From the entries below, copy exactly the lines from the one that contains "L'église baroque bavarois" through the one that contains "Hollola ja Nastola", both included, and only those.

━━ Data section ━━

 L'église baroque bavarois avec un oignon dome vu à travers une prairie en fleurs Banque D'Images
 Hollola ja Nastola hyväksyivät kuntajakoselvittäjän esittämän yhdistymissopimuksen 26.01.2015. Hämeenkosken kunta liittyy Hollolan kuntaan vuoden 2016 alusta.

━━━
━━ Data section ━━

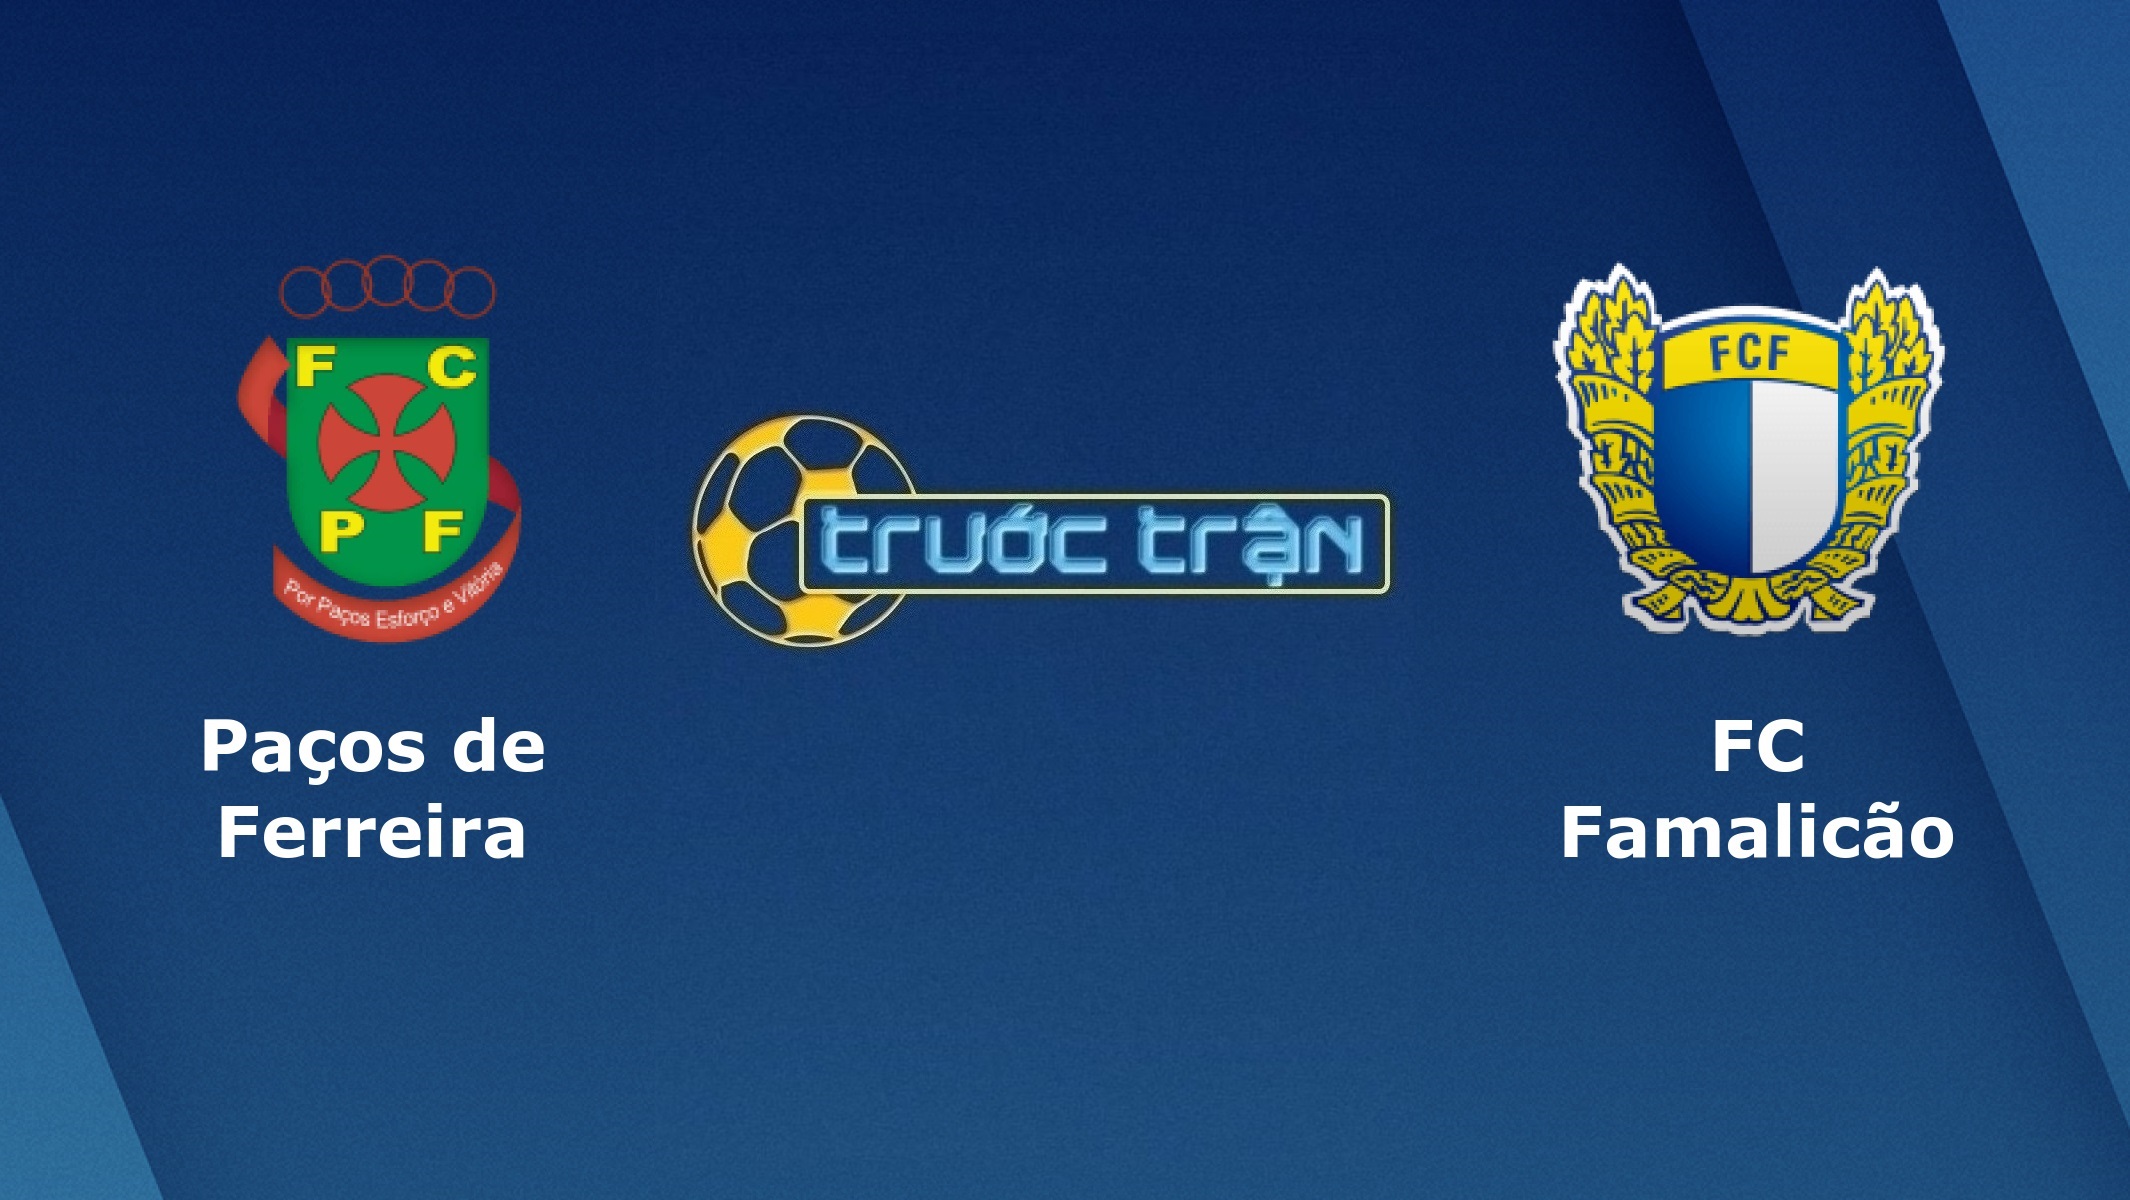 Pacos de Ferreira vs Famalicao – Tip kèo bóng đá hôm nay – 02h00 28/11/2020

━━━
━━ Data section ━━

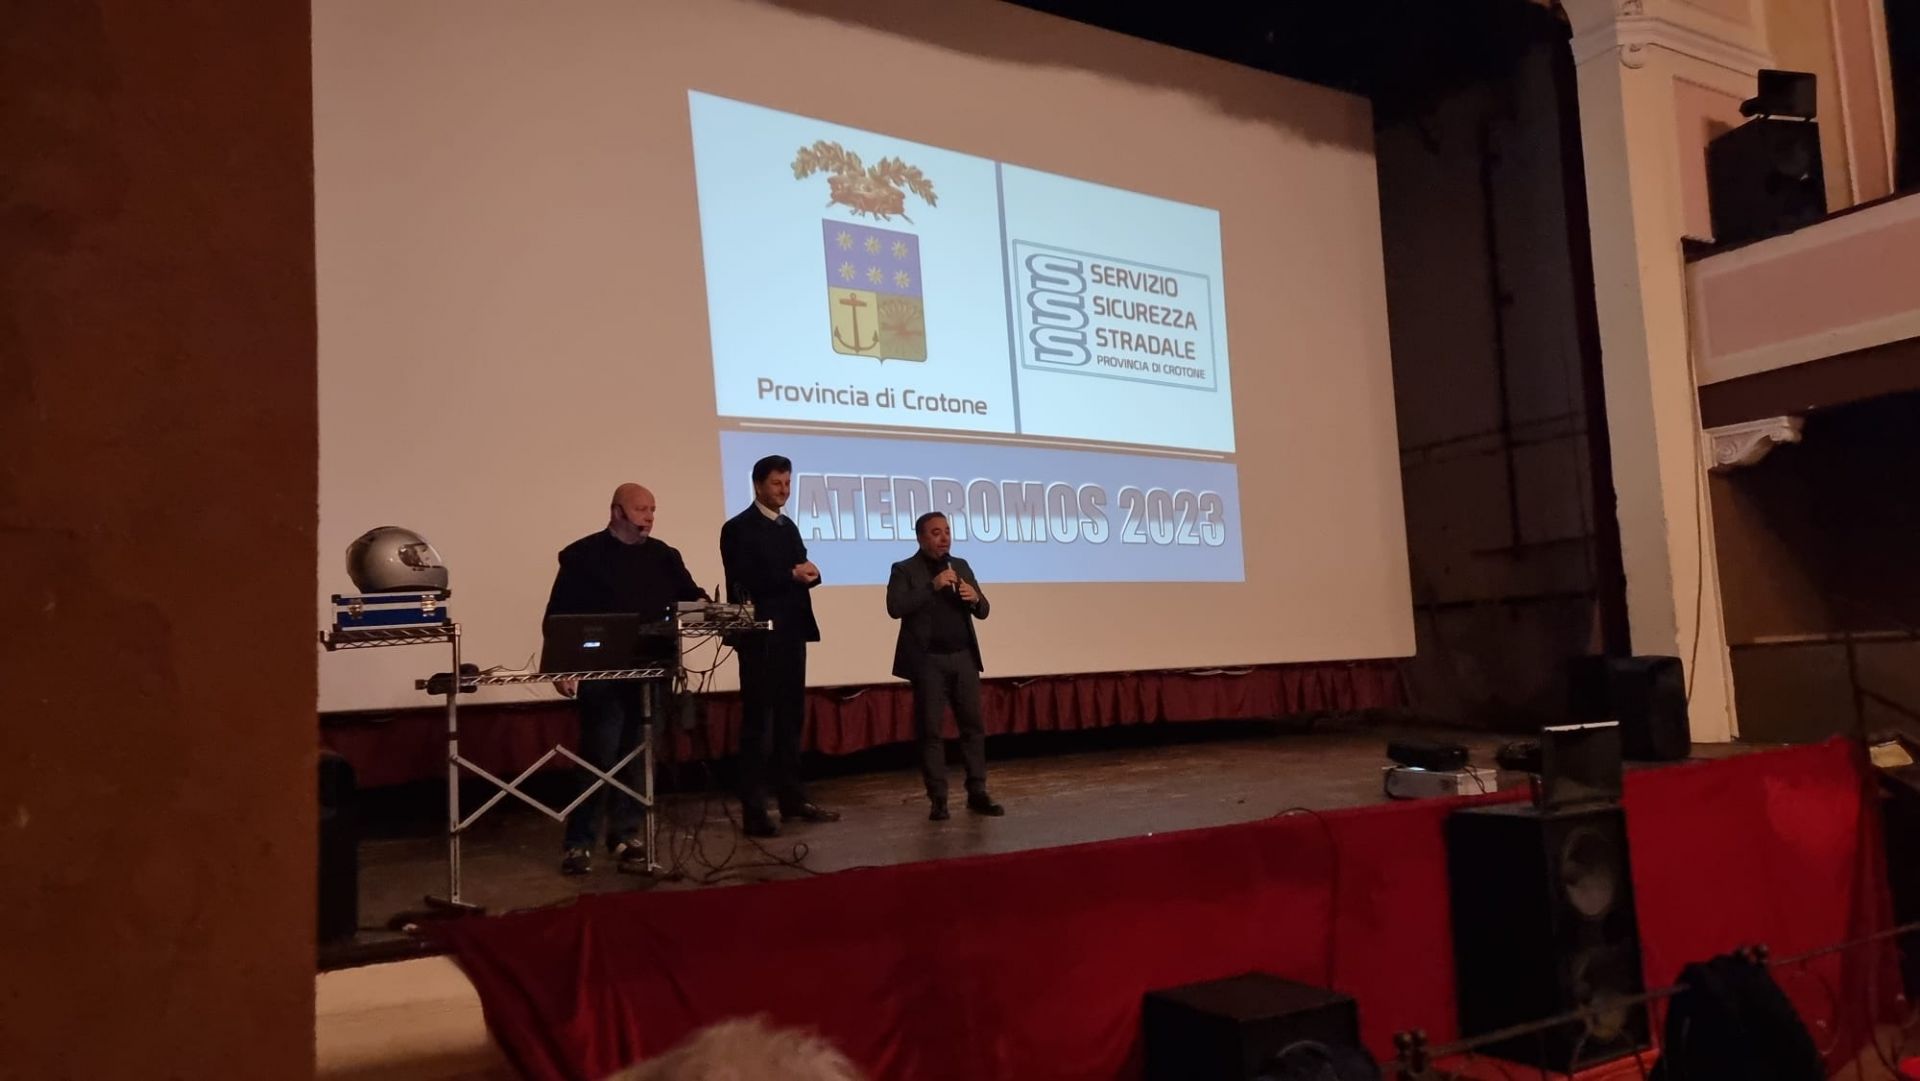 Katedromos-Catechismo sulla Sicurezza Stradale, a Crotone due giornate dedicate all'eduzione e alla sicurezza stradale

━━━

◆ Task answer:
 L'église baroque bavarois avec un oignon dome vu à travers une prairie en fleurs Banque D'Images
 Hollola ja Nastola hyväksyivät kuntajakoselvittäjän esittämän yhdistymissopimuksen 26.01.2015. Hämeenkosken kunta liittyy Hollolan kuntaan vuoden 2016 alusta.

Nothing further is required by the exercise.